Es exasperante que la administración Trump destripara la Oficina de Trata de Personas del Departamento de Estado, recortando más del 70 por ciento de los expertos de carrera del Servicio Civil y Exterior que trabajaban arduamente para prevenir los delitos de trata. El informe anual sobre trata, requerido por ley, se retrasó varios meses. El mensaje de la administración Trump al pueblo estadounidense y al mundo no podría ser más claro: combatir la trata de personas ya no es una prioridad estadounidense bajo la Casa Blanca de Trump.

Es una tragedia. Es una vergüenza. Merece una investigación y supervisión vigorosas.

Un comité que intenta detener la trata de personas intentará determinar qué medidas concretas se necesitan para arreglar un sistema que permitió a Epstein salirse con la suya en 2008.

Un comité encabezado por funcionarios electos comprometidos con la transparencia garantizará la divulgación completa de todos los archivos.

Esto garantizará que las enmiendas legales a esos expedientes protejan a las víctimas y a los sobrevivientes, no a individuos poderosos y aliados políticos.

Eso llegaría al fondo de los informes de que el Departamento de Justicia retuvo una entrevista del FBI en la que un sobreviviente acusó al presidente Trump de crímenes atroces.

Le preguntará a cualquiera qué noche será la “fiesta más pequeña” en la isla de Epstein.

Exigirá testimonio de fiscales de Florida y Nueva York sobre por qué le dieron a Epstein un trato favorable y decidieron no perseguir a otras personas que podrían haber estado involucradas.

Exigirá que el Secretario Rubio y la Fiscal General Bondi testifiquen sobre por qué esta administración está abandonando a los sobrevivientes y haciendo el juego a los traficantes.

Buscará oficiales en la primera línea de esta lucha y les preguntará qué apoyo necesitan.

Promulgará legislación para proporcionar más recursos y obligar a esta administración a actuar.

Pero eso no está sucediendo.

En cambio, me obligaste a testificar, plenamente consciente de que no tenía ningún conocimiento que pudiera ayudar en tu investigación, para distraer la atención de las acciones del presidente Trump y encubrirlas a pesar de los pedidos legítimos de respuestas.

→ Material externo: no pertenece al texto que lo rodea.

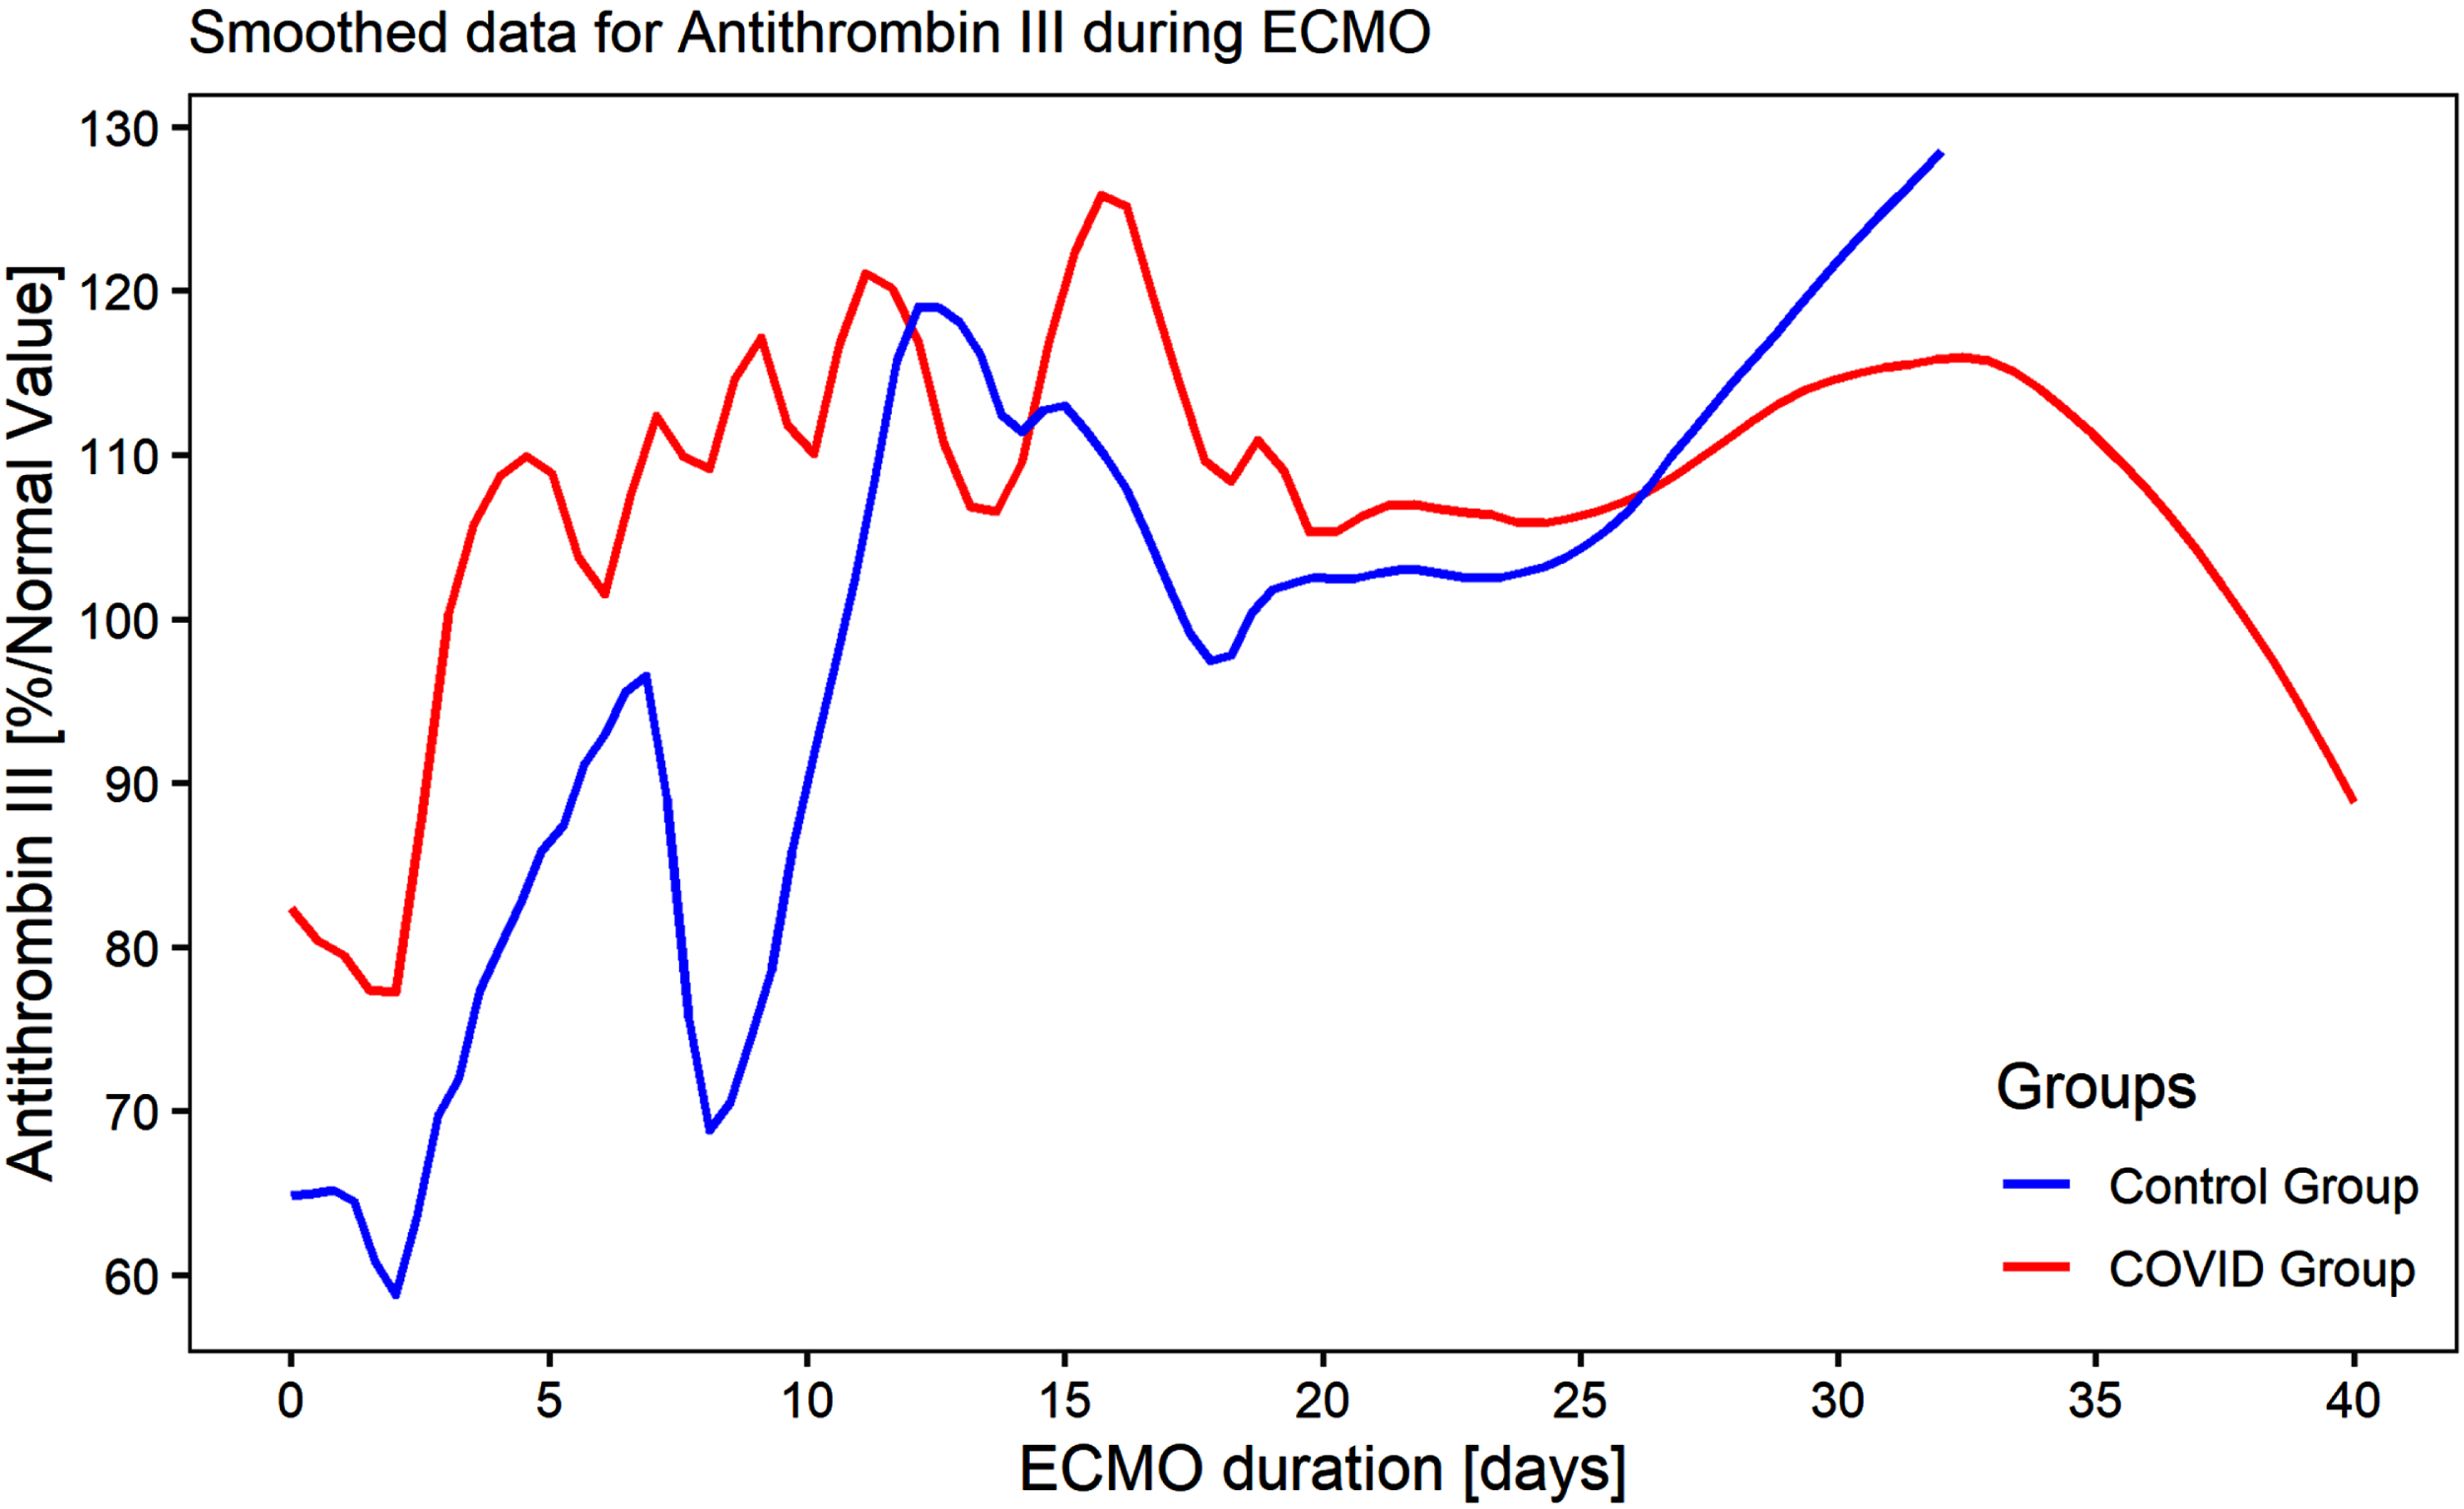 Antithrombin III levels during ECMO support.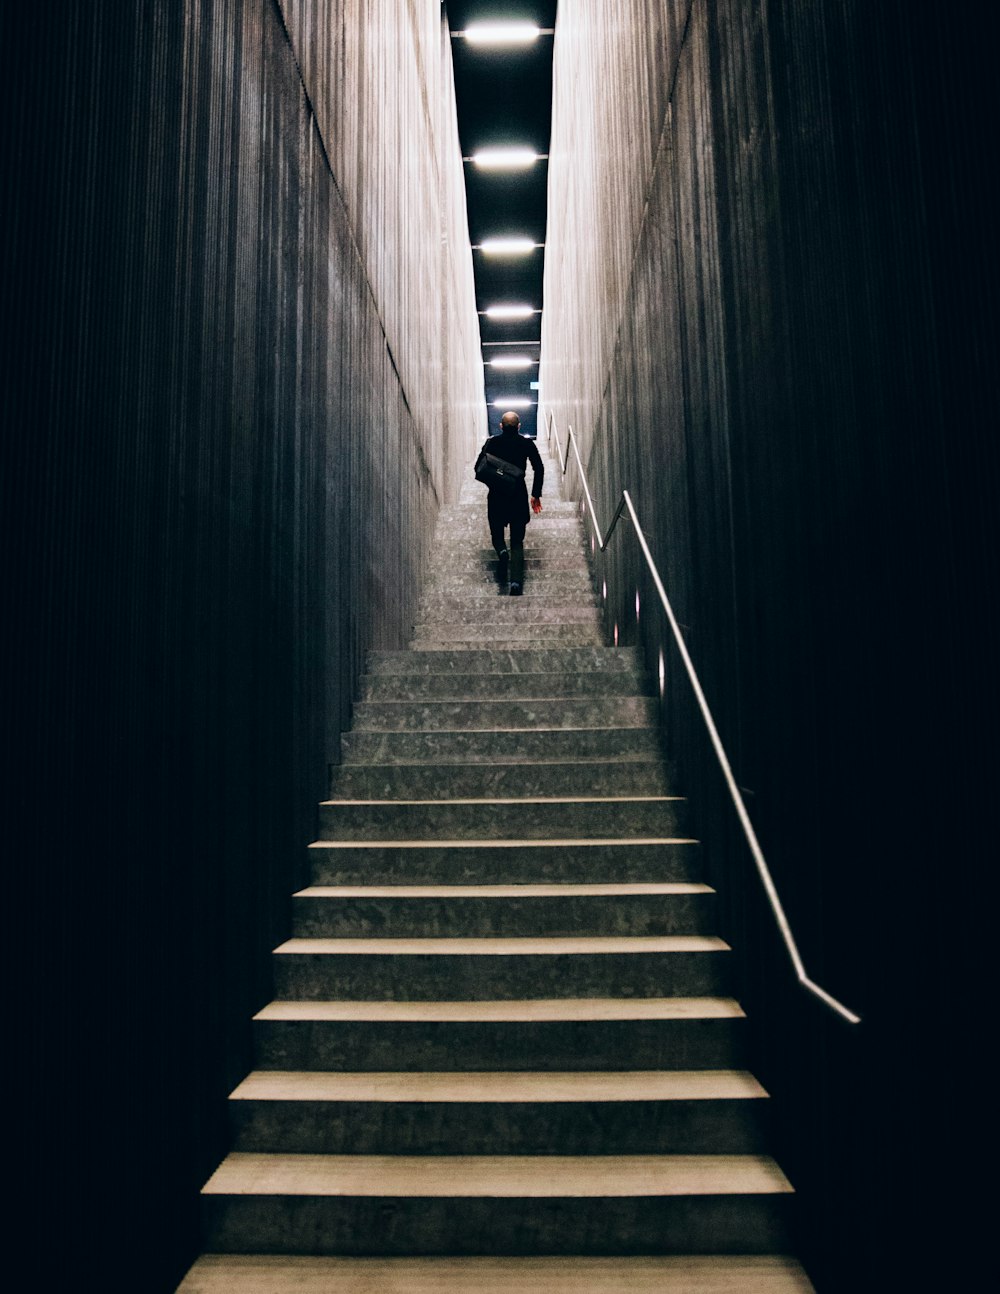 Man In Black Pants Going Down Stairs Photo Free Melbourne Image On Unsplash

Si este comité realmente quiere conocer la verdad sobre los crímenes de tráfico de Epstein, no dependerá de la prensa para obtener respuestas de nuestro actual presidente sobre su participación; Le preguntará directamente bajo juramento que aparece miles de veces en los expedientes de Epstein.

Si la mayoría fuera seria, no perderían el tiempo en una expedición de pesca. Hay mucho por hacer.

¿Qué se está reteniendo? ¿A quién se protege? ¿Y por qué la tapa?

Mi desafío para ustedes, señor presidente, miembros del comité, es el mismo desafío que he mantenido a lo largo de mi largo servicio a esta nación. Cómo ser digno de la confianza que el pueblo estadounidense ha depositado en usted. Esperan habilidad política, no habilidad para el juego. Liderar, no grandilocuente. Esperan que usted use su poder para llegar a la verdad y hacer más para ayudar a los sobrevivientes de los crímenes de Epstein, así como a los millones de otras víctimas del tráfico sexual.